Aerosol immunization with NYVAC and MVA vectored vaccines is safe, simple, and immunogenic

Abstract

Each year, approximately five million people die worldwide from putatively vaccine-preventable mucosally transmitted diseases. With respect to mass vaccination campaigns, one strategy to cope with this formidable challenge is aerosol vaccine delivery, which offers potential safety, logistical, and cost-saving advantages over traditional vaccination routes. Additionally, aerosol vaccination may elicit pivotal mucosal immune responses that could contain or eliminate mucosally transmitted pathogens in a preventative or therapeutic vaccine context. In this current preclinical non-human primate investigation, we demonstrate the feasibility of aerosol vaccination with the recombinant poxvirus-based vaccine vectors NYVAC and MVA. Real-time in vivo scintigraphy experiments with radiolabeled, aerosol-administered NYVAC-C (Clade C, HIV-1 vaccine) and MVA-HPV vaccines revealed consistent mucosal delivery to the respiratory tract. Furthermore, aerosol delivery of the vaccines was safe, inducing no vaccine-associated pathology, in particular in the brain and lungs, and was immunogenic. Administration of a DNA-C/NYVAC-C prime/boost regime resulted in both systemic and anal-genital HIV-specific immune responses that were still detectable 5 months after immunization. Thus, aerosol vaccination with NYVAC and MVA vectored vaccines constitutes a tool for large-scale vaccine efforts against mucosally transmitted pathogens.

Fig. 1.

Monitoring aerosol NYVAC-C and MVA-HPV deposition by in vivo real-time scintigraphy. (A) Upper respiratory tract vaccine deposition. The asterisk denotes the muzzle of the animal, and the arrowhead represents vaccine accumulation in the pharynx. (B) Pulmonary vaccine deposition. (C–E) Quantification of vaccine deposition upon aerosol immunization. NYVAC-C, open bars; MVA-HPV, filled bars. Aerosol delivery is expressed as percentage of the total virus inoculum.

Fig. 2.

Histological analysis of various organs after aerosol NYVAC-C and MVA-HPV delivery. (A) Brain. (B) Sinus. (C) Trachea. (D and E) Lung. (F) Normal lung tissue. Samples illustrated in A–D were from NYVAC-C-administered animals. Similar findings were seen in MVA-HPV-administered animals. The level of magnification is provided in the lower left-hand corner of each image. The treatment type is given in the lower right-hand corner. Images are representative of the entire organ.

Fig. 3.

Humoral immune responses induced by aerosol vaccination. (A) Systemic anti-gp120 IgG response. (B) Systemic anti-NYVAC IgG response. (C) Vaginal anti-NYVAC IgA response. Vaccination times are indicated by “D” and “N” for the DNA-C and NYVAC-C vaccines, respectively. Closed bars and open bars represent aerosol and i.m.-immunized animals, respectively.

Fig. 4.

Cellular immune responses induced by aerosol vaccination. Shown are induced HIV-specific IFNg (Left), IL-2 (Center), and IL-4 (Right) systemic cellular immune responses in the two vaccinated cohorts as measured by EILISPOT analysis.

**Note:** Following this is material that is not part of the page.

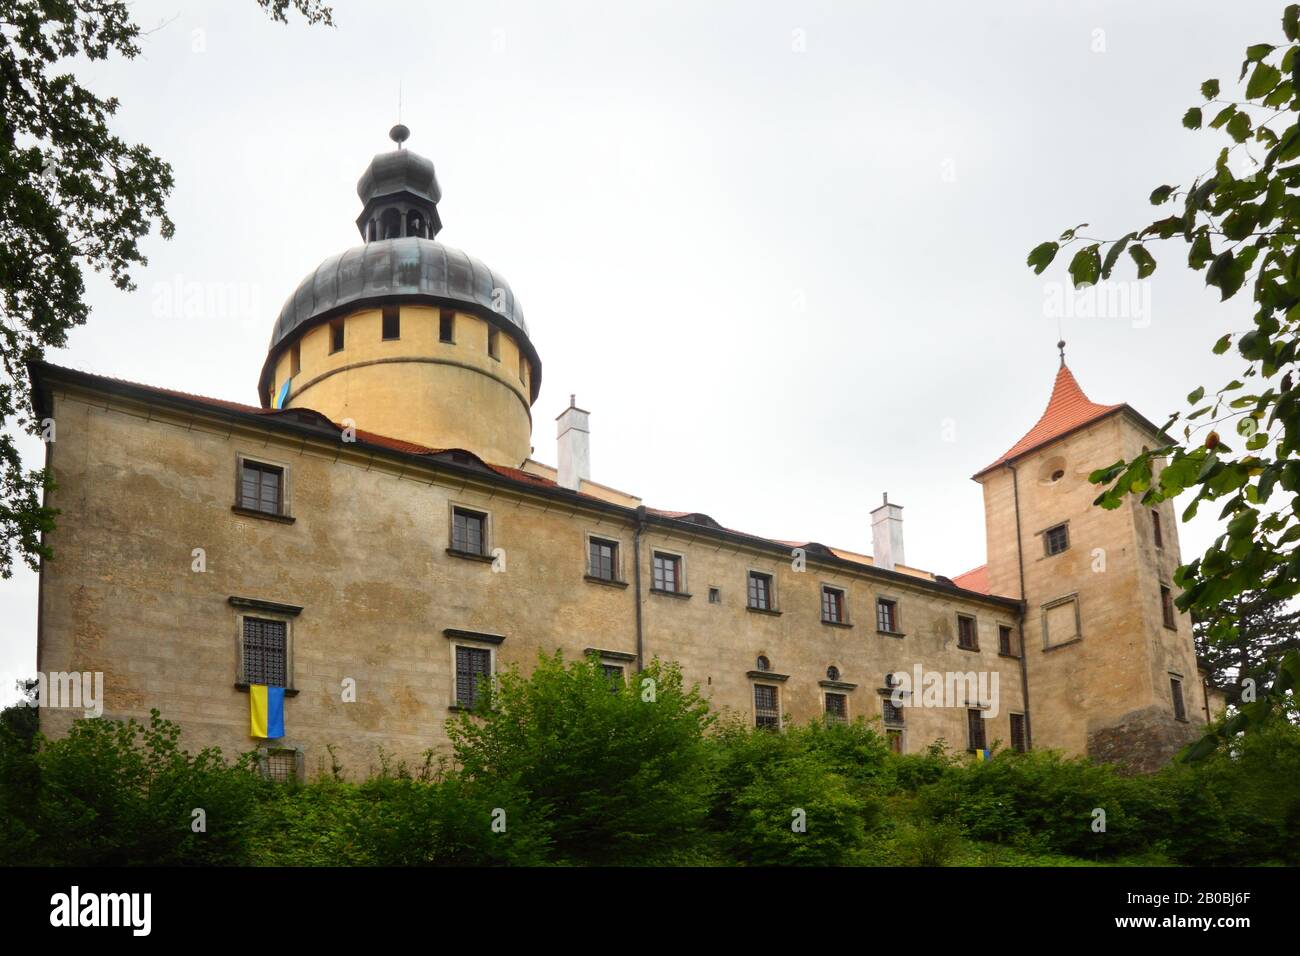 Grabstejn Chateau in Czech Republic Stock Photo

The average mean response is illustrated by a gray bar. The responses are the sums of eight HIV peptide pools.

Fig. 5.

Broad-breadth cellular immune responses induced by aerosol vaccination. (A) Percentage of aerosol responders to individual peptide pools. (B) Percentage of i.m. responders to individual peptide pools. Week-8, -24, and -48 responses are shown as white, gray, and black bars, respectively. G, Gag; P, Pol; E, Env; N, Nef.